Monday, 23 de December de 2024 ISSN 1519-7670 - Ano 24 - nº 1319

A piada que não ofende

Mês sim, mês não, alguém tenta processar um comediante por conta de piadas que considerou ofensivas. Tenho visto várias manifestações sobre o tema, de gente que acha que tudo pode até gente favorável a censuras. Como escrevi antes, em grande parte das vezes o maior o problema não é o tema – o problema é que as piadas são sem graça. Do que tenho visto, a maior parte das contestações (quase todas) atingiu piadas fracas. Talvez isso aconteça porque quando a coisa é engraçada para valer fica chato entrar com um processo. Pega mal.

De qualquer modo, vale a pena conhecer alguns estudos sobre o humor e ofensa. Sim, a graça – ou falta dela – é tópico de estudos acadêmicos mundo afora, e uma das teorias mais influentes hoje em dia é que achamos divertido aquilo que representa uma “violação benigna”. O material tem que ser ofensivo em algum nível para ser fazer rir, mas numa intensidade equidistante entre a agressão e o bom mocismo. Encontrar esse distanciamento ideal – que pode ser geográfico (desgraças longe agridem menos), psicológico (se não nos toca diretamente é mais raro se ofender) ou temporal (se faz tempo que aconteceu, já dá para rir) – seria o real talento dos humoristas.

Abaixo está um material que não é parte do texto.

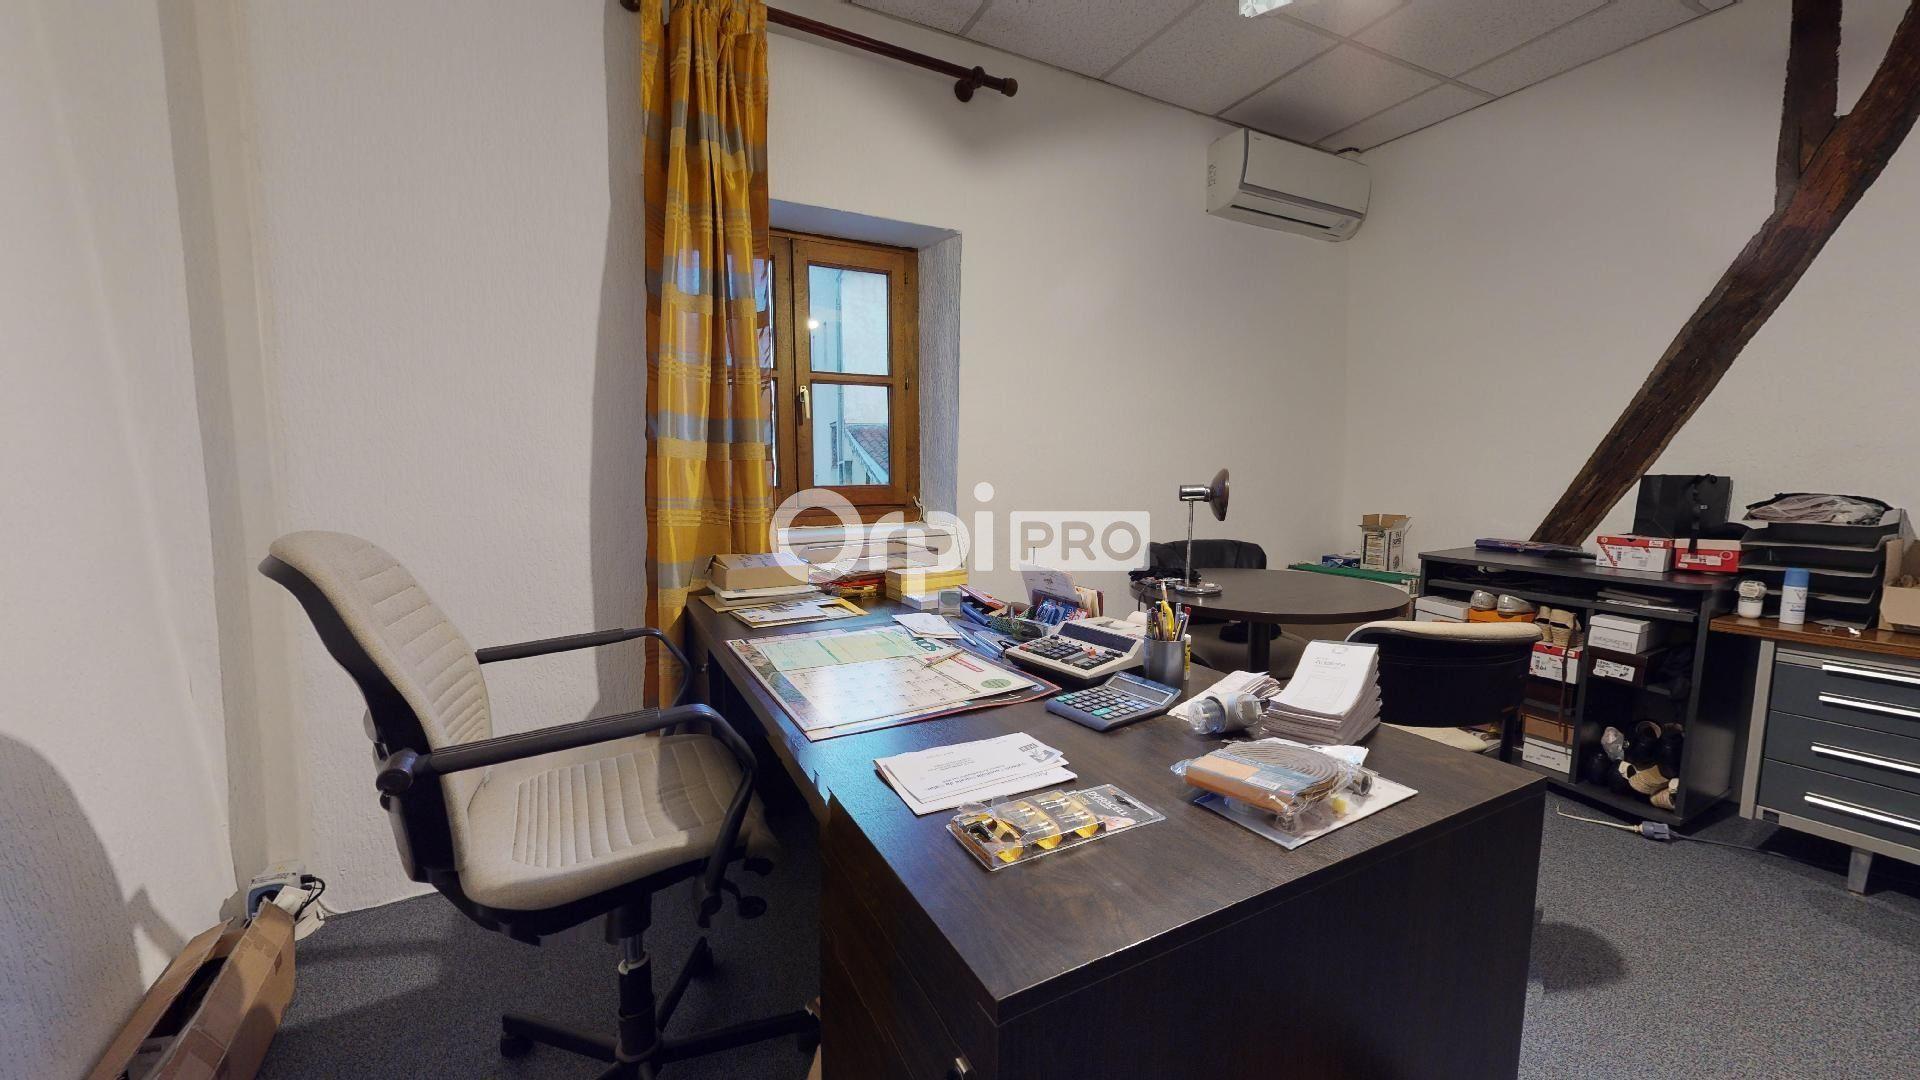 Fonds de commerce à vendre 0 396.03m2 à Villars-les-Dombes vignette-16

Um estudo recente que discutimos na Coluna Ideias no Ar, da Rádio Estadão, conseguiu desenhar o arco temporal de piadas feitas com o furacão Sandy, que atingiu os EUA e Caribe em 2012. Os pesquisadores pediram que pessoas avaliassem piadas feitas antes de o furacão chegar, assim que ele passou e ao longo dos meses seguintes. Na opinião dos voluntários as piadas foram sendo consideradas mais engraçadas à medida que o Sandy se aproximava, perderam a graça imediatamente após os estragos serem conhecidos, voltaram a fazer rir com o passar das semanas, atingindo as melhores avaliações 36 dias após a tragédia, perdendo de vez o apelo a partir daí até ficarem sem sentido cerca de 100 dias depois do incidente.

Potencial ofensivo

De acordo com a teoria das violações benignas, antes da tragédia havia clara ameaça, mas por ainda ser potencial era engraçado falar disso. Assim que as notícias mostraram as consequências do furacão a violação se tornava muito intensa, minando parte da graça. Com o passar do tempo a redução na sensação de violação primeiro fazia as piadas retomarem o apelo, para em seguida caírem no esquecimento, dada a grande distância temporal do evento.

Não sou a favor de censura – cada um que fale o que quer e responda por isso. Mas se o sujeito quer fazer piada com negros ou com homossexuais, por exemplo, que sofrem discriminação exatamente pela característica da qual se pretende zombar, o potencial ofensivo é grande, ficando mais difícil aliviar a “violação” com algum distanciamento para torná-la “benigna”. É muito fácil em certos temas escorregar para a ofensa pura. E só ofender, alguns comediantes precisariam perceber, não tem graça.